REQUIRED WORK. Every line from the one with "SDカード保証 03 2019717 8540" to the end of the data needs to be copied exactly, and no line before it.

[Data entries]
^^^^^^^^

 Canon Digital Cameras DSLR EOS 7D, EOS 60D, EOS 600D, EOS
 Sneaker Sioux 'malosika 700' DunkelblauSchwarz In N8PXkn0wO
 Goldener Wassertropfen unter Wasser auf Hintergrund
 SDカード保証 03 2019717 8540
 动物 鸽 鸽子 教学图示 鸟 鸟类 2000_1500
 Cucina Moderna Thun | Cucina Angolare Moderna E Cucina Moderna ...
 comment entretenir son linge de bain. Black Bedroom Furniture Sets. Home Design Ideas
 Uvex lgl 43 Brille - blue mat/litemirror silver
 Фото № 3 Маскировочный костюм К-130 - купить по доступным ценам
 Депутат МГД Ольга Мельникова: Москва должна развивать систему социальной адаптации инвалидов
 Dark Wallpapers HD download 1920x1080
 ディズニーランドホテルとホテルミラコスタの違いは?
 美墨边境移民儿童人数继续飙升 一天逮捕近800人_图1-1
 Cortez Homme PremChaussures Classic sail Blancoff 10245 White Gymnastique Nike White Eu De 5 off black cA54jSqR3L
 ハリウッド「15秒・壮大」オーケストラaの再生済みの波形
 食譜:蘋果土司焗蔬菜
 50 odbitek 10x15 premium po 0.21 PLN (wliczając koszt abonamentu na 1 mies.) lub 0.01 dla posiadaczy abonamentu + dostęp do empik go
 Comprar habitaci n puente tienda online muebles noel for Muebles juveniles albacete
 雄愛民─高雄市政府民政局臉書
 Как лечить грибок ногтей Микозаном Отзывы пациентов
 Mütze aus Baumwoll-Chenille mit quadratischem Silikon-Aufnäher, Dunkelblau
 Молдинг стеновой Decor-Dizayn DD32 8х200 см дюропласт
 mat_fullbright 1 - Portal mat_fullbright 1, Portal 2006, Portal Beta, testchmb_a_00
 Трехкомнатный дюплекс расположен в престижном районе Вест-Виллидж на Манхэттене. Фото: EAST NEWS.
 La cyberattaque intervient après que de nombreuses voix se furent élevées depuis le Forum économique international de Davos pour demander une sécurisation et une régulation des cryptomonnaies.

^^^^^^^^

YOUR SOLUTION.
 SDカード保証 03 2019717 8540
 动物 鸽 鸽子 教学图示 鸟 鸟类 2000_1500
 Cucina Moderna Thun | Cucina Angolare Moderna E Cucina Moderna ...
 comment entretenir son linge de bain. Black Bedroom Furniture Sets. Home Design Ideas
 Uvex lgl 43 Brille - blue mat/litemirror silver
 Фото № 3 Маскировочный костюм К-130 - купить по доступным ценам
 Депутат МГД Ольга Мельникова: Москва должна развивать систему социальной адаптации инвалидов
 Dark Wallpapers HD download 1920x1080
 ディズニーランドホテルとホテルミラコスタの違いは?
 美墨边境移民儿童人数继续飙升 一天逮捕近800人_图1-1
 Cortez Homme PremChaussures Classic sail Blancoff 10245 White Gymnastique Nike White Eu De 5 off black cA54jSqR3L
 ハリウッド「15秒・壮大」オーケストラaの再生済みの波形
 食譜:蘋果土司焗蔬菜
 50 odbitek 10x15 premium po 0.21 PLN (wliczając koszt abonamentu na 1 mies.) lub 0.01 dla posiadaczy abonamentu + dostęp do empik go
 Comprar habitaci n puente tienda online muebles noel for Muebles juveniles albacete
 雄愛民─高雄市政府民政局臉書
 Как лечить грибок ногтей Микозаном Отзывы пациентов
 Mütze aus Baumwoll-Chenille mit quadratischem Silikon-Aufnäher, Dunkelblau
 Молдинг стеновой Decor-Dizayn DD32 8х200 см дюропласт
 mat_fullbright 1 - Portal mat_fullbright 1, Portal 2006, Portal Beta, testchmb_a_00
 Трехкомнатный дюплекс расположен в престижном районе Вест-Виллидж на Манхэттене. Фото: EAST NEWS.
 La cyberattaque intervient après que de nombreuses voix se furent élevées depuis le Forum économique international de Davos pour demander une sécurisation et une régulation des cryptomonnaies.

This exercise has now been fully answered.